**Given data**:
::::::
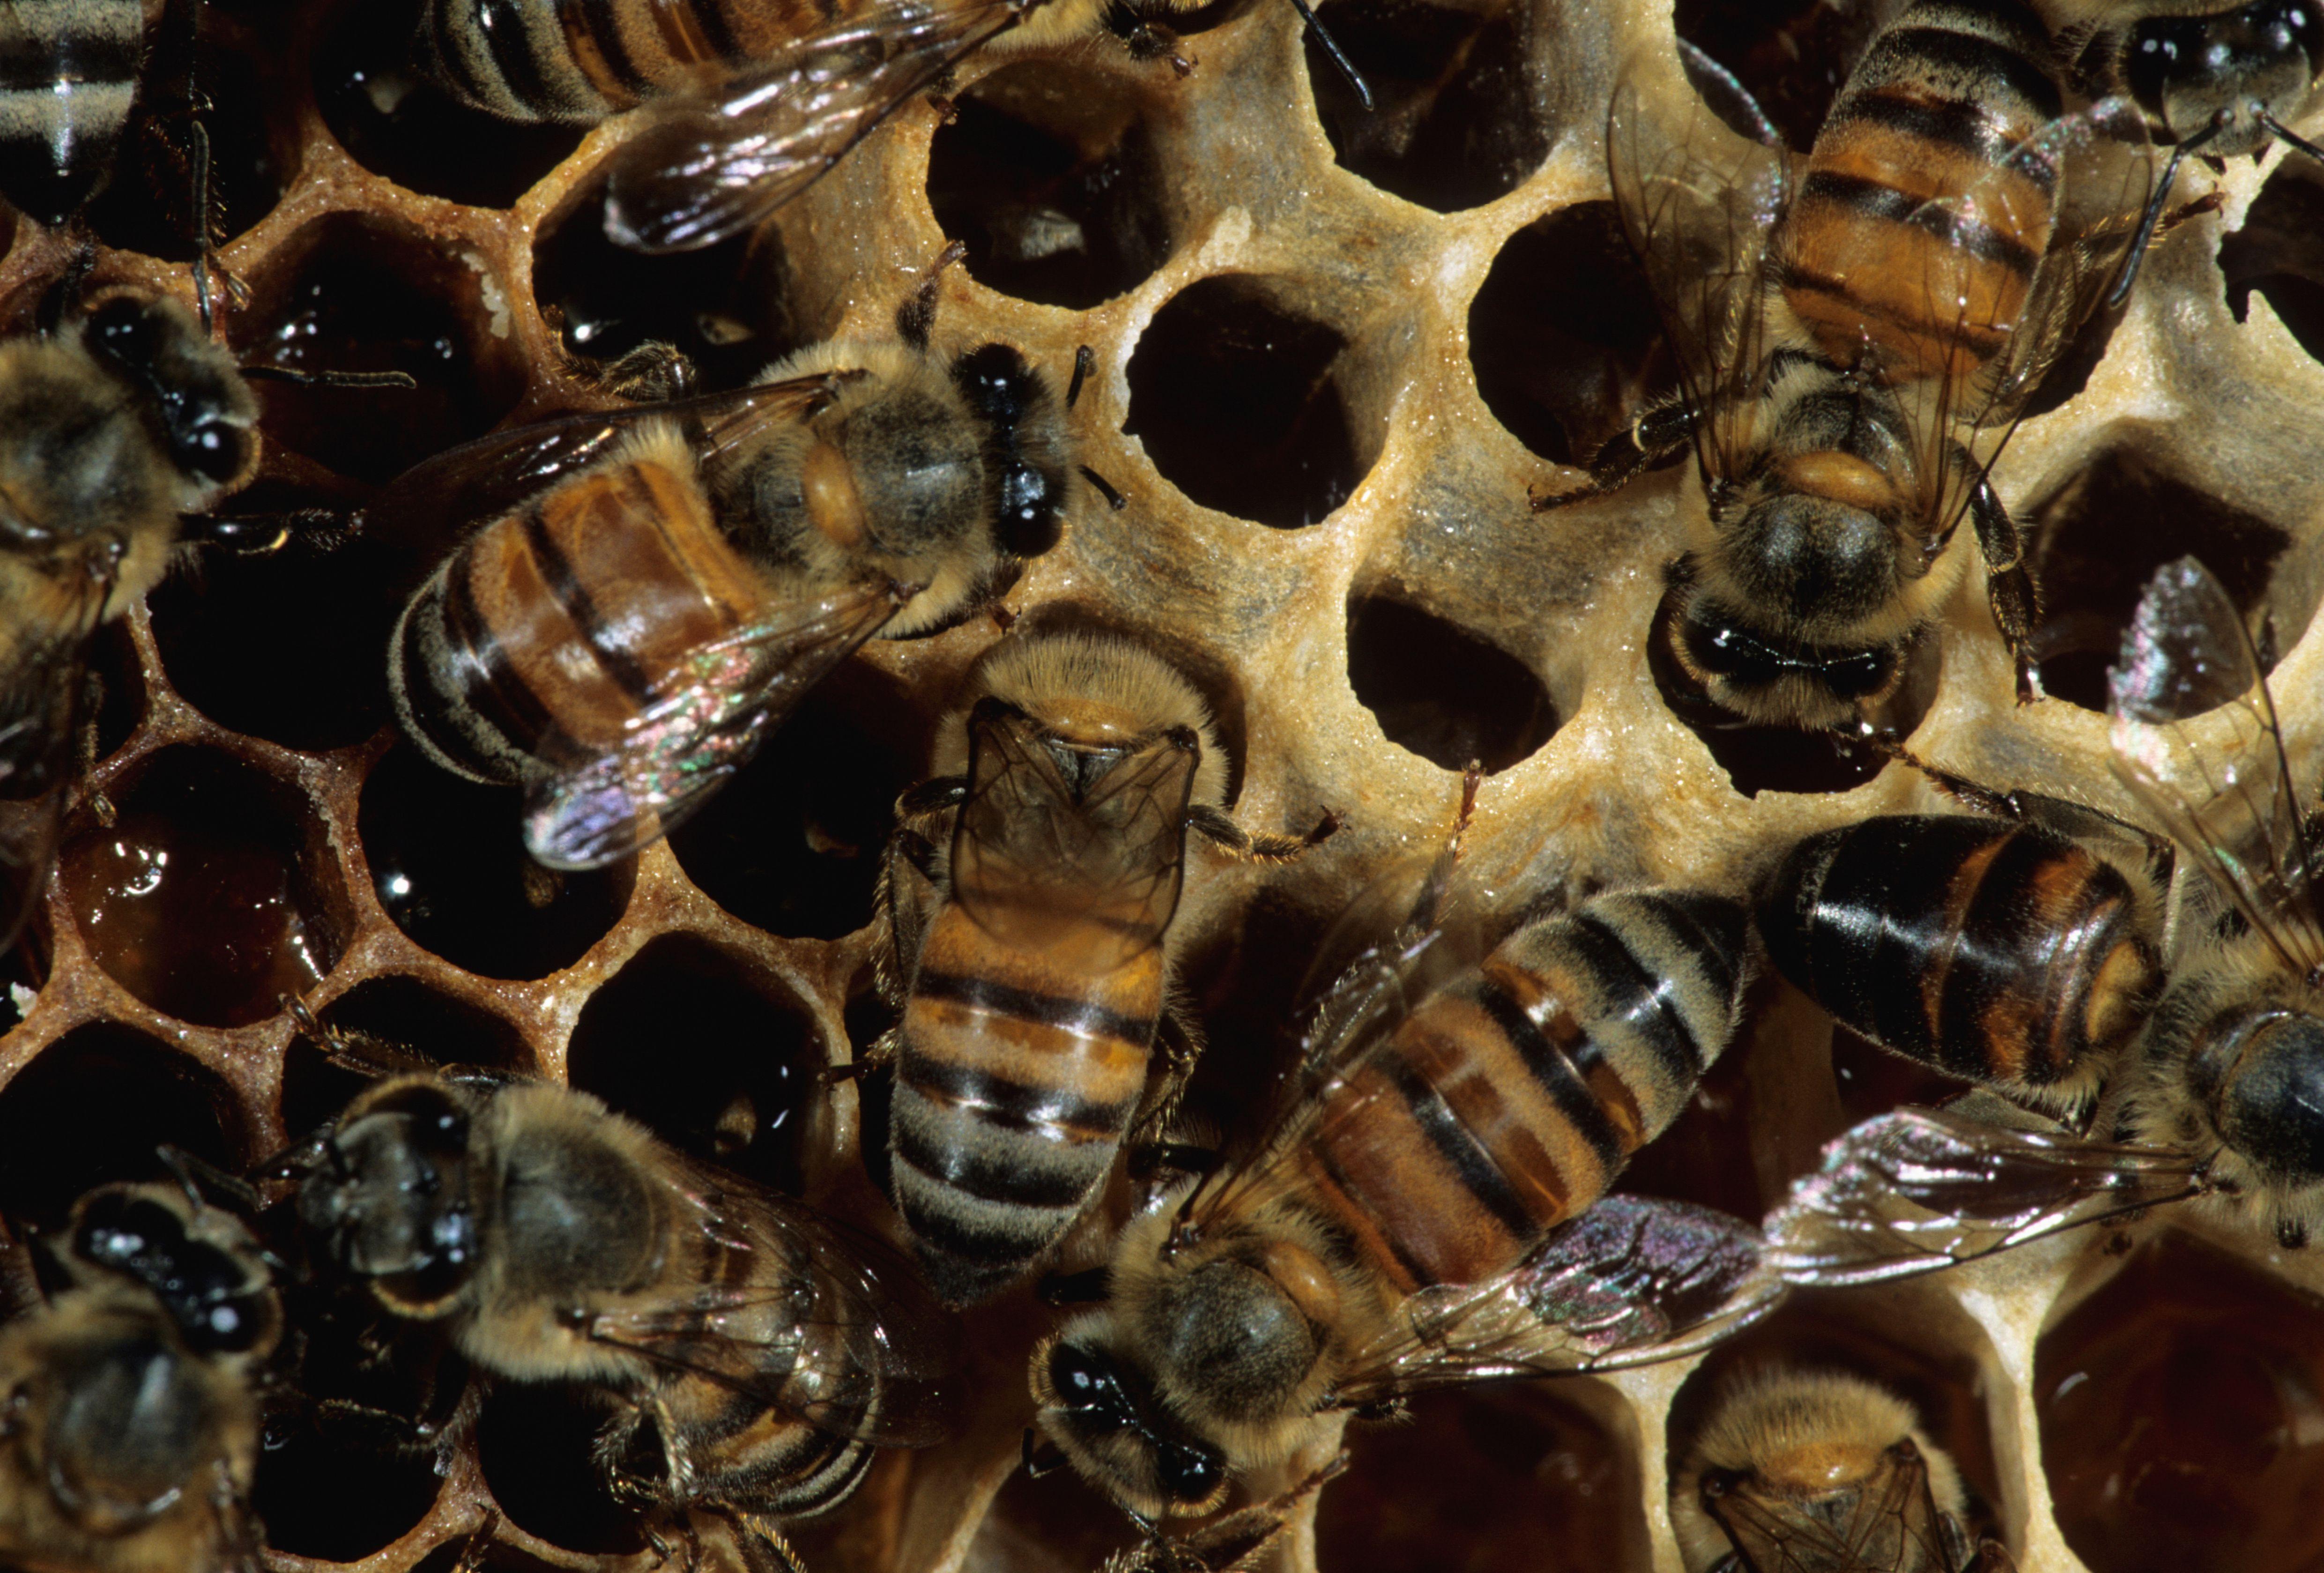 Killer Bees Swarms And Attacks In Arizona
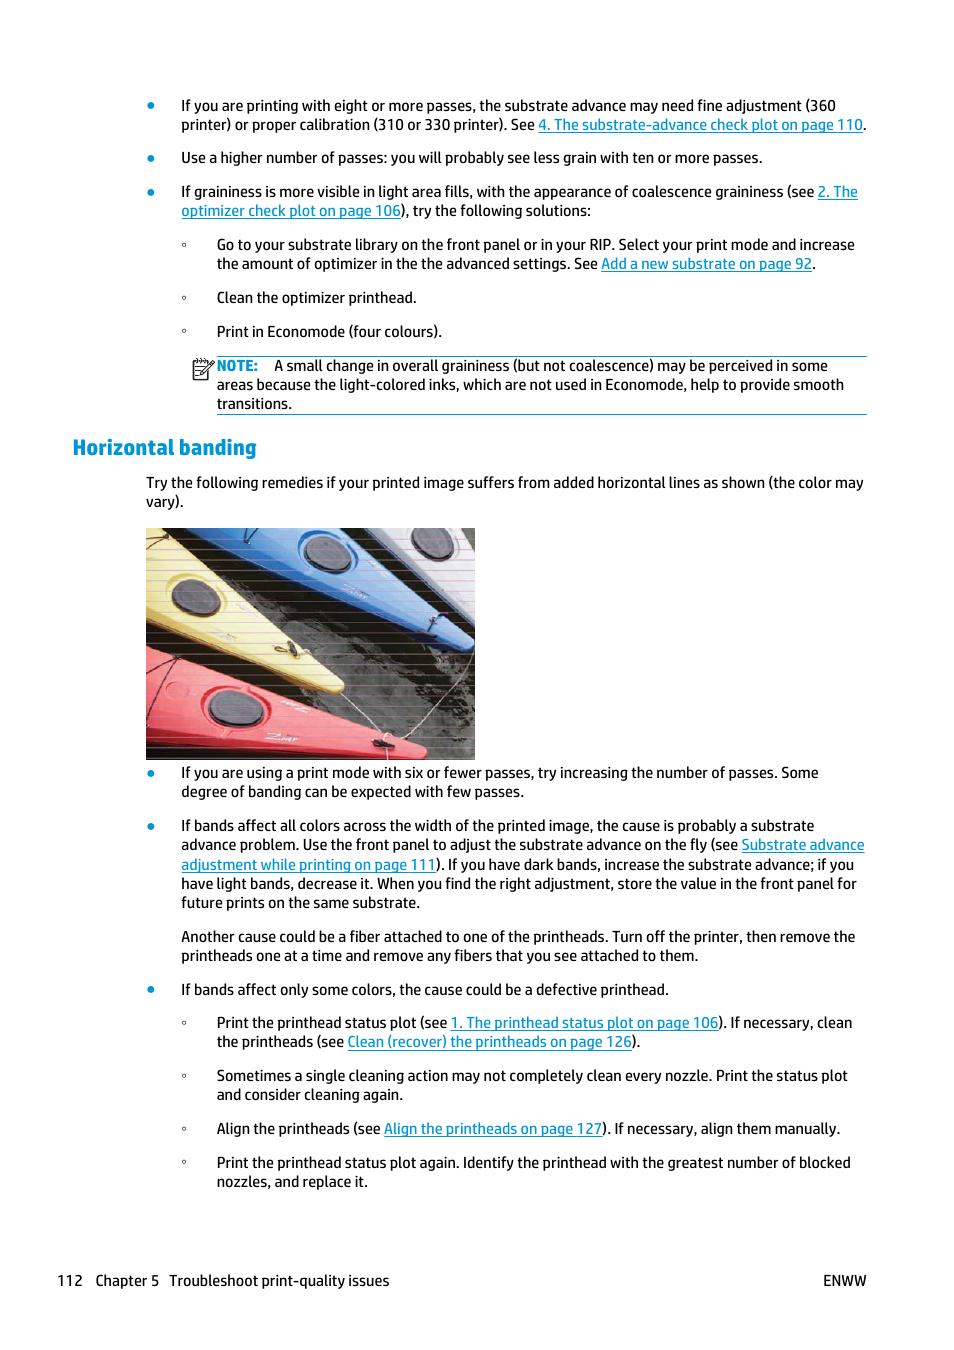 Horizontal banding | HP Latex 360 Printer User Manual | Page
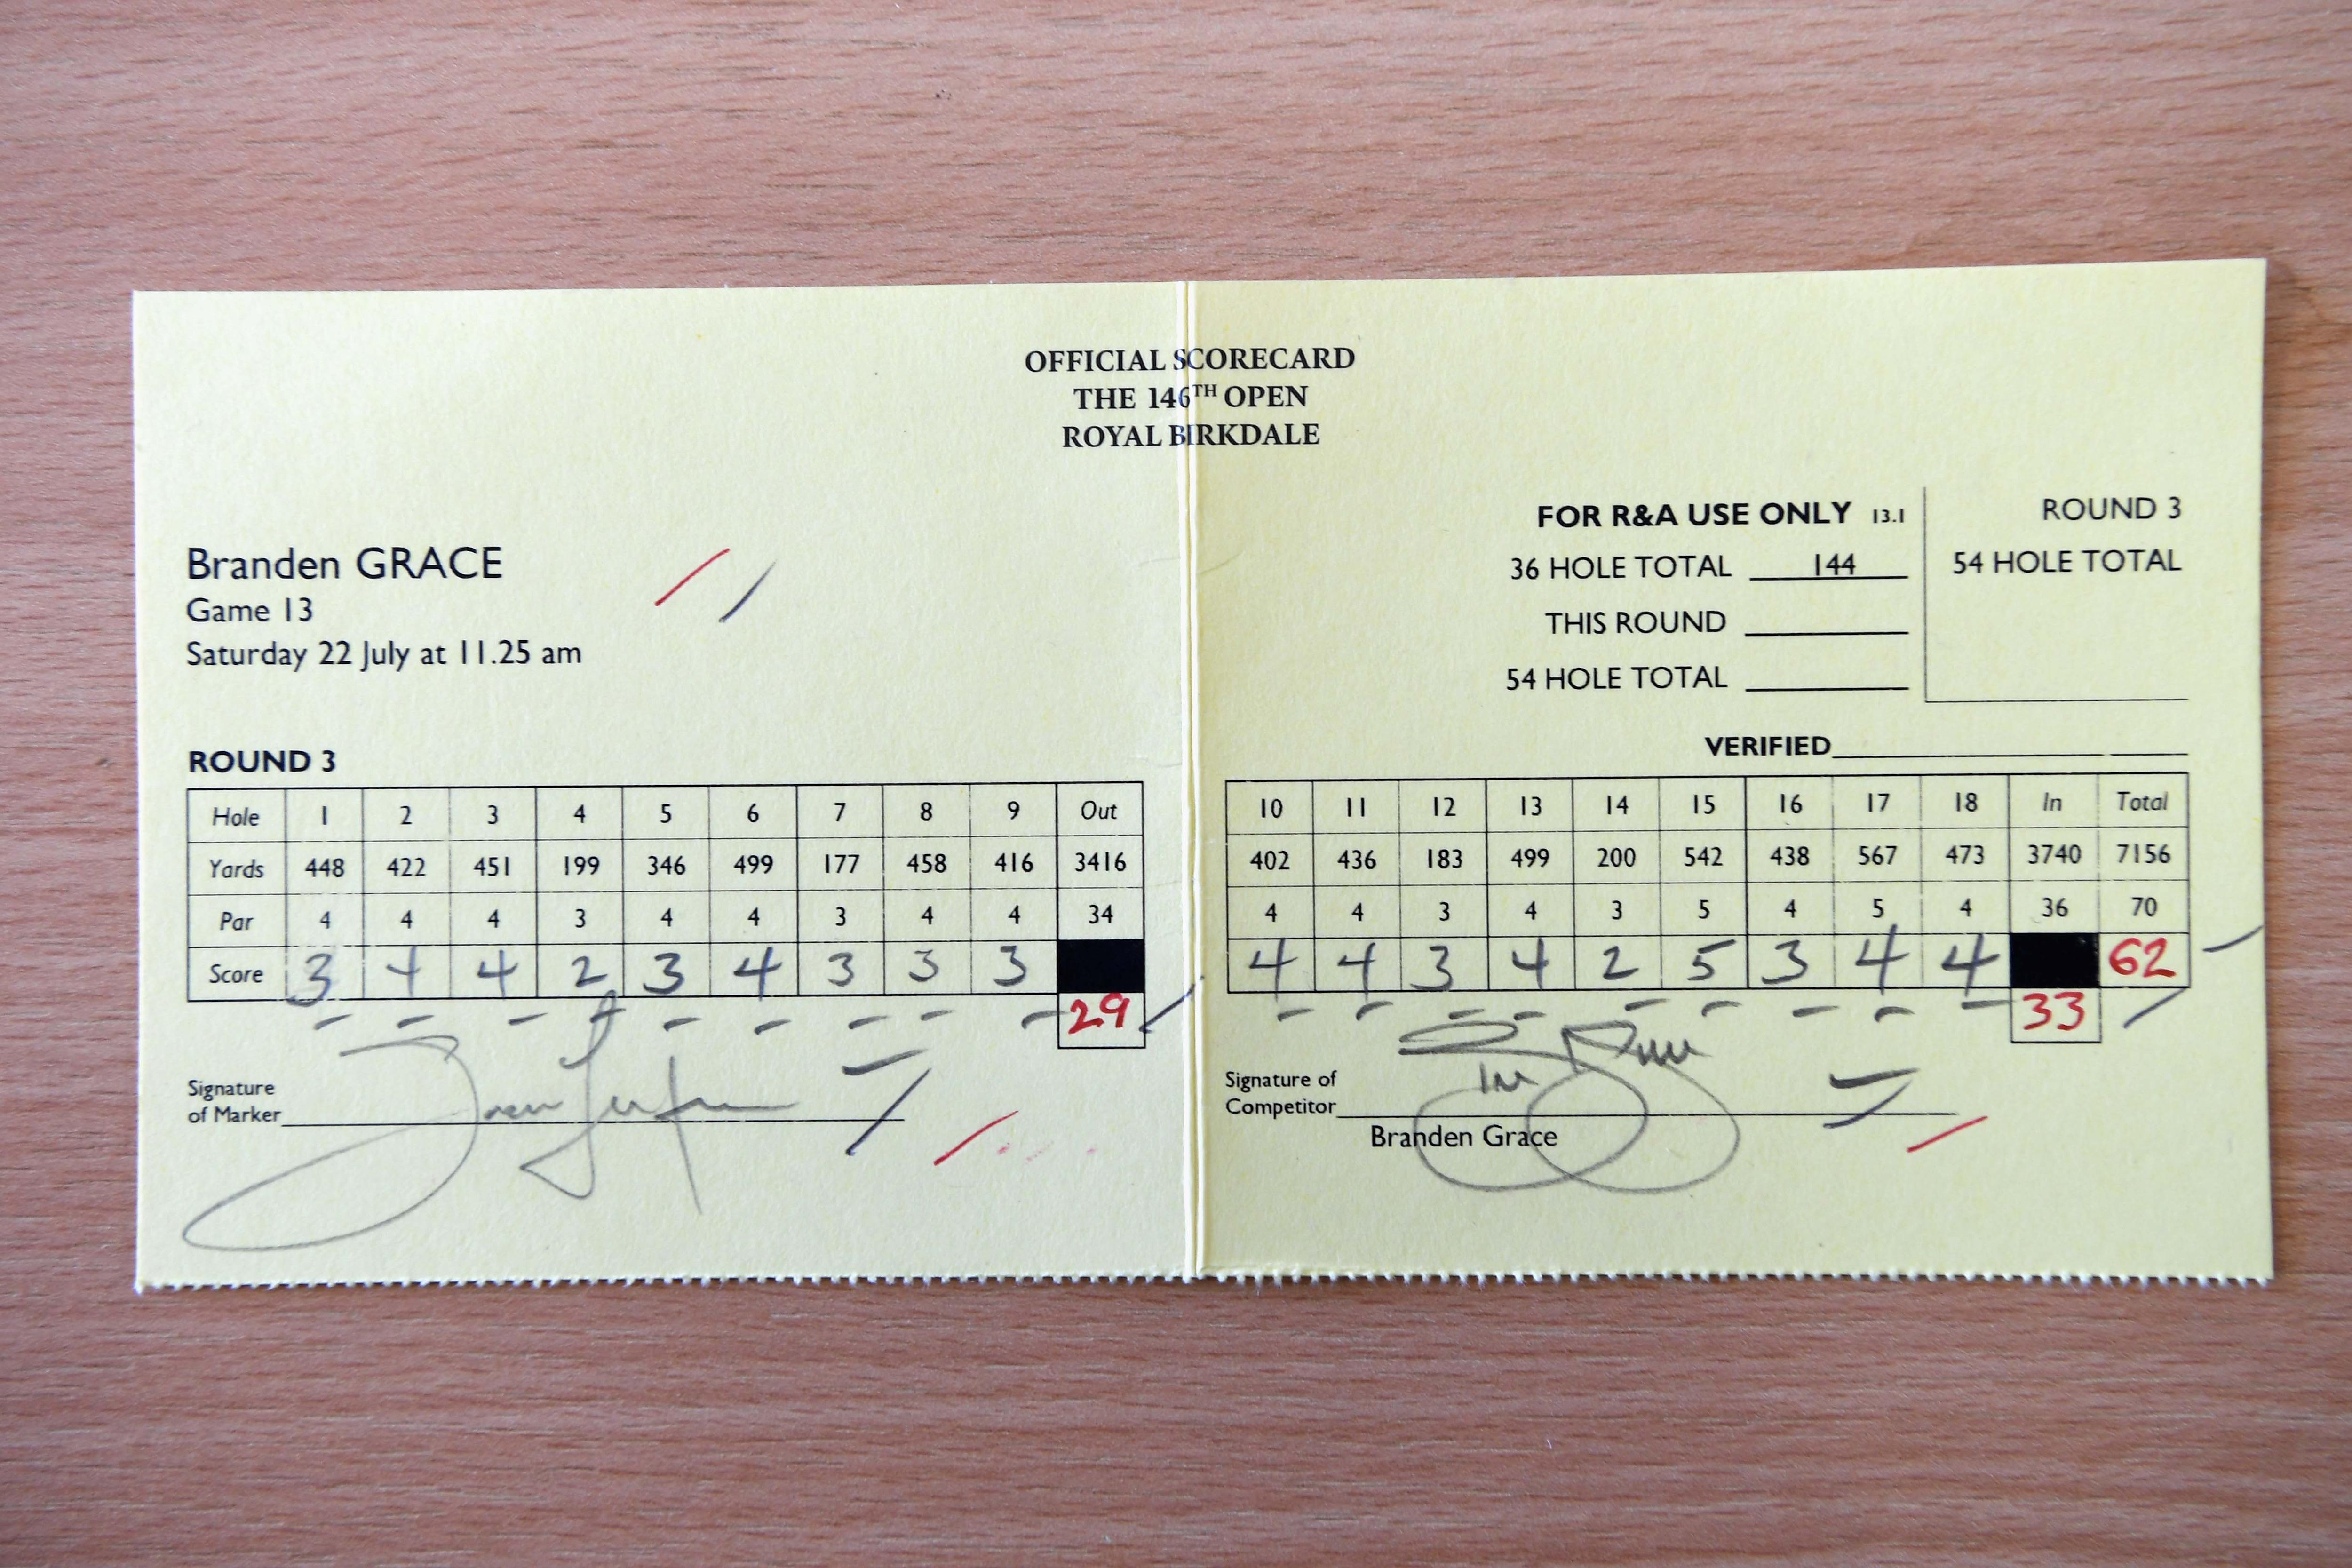 Branden Grace's scorecard
::::::
**Work to be completed**:
Please copy the data shown above word for word, omitting the pictures.

**The answer**:
 Killer Bees Swarms And Attacks In Arizona
 Horizontal banding | HP Latex 360 Printer User Manual | Page
 Branden Grace's scorecard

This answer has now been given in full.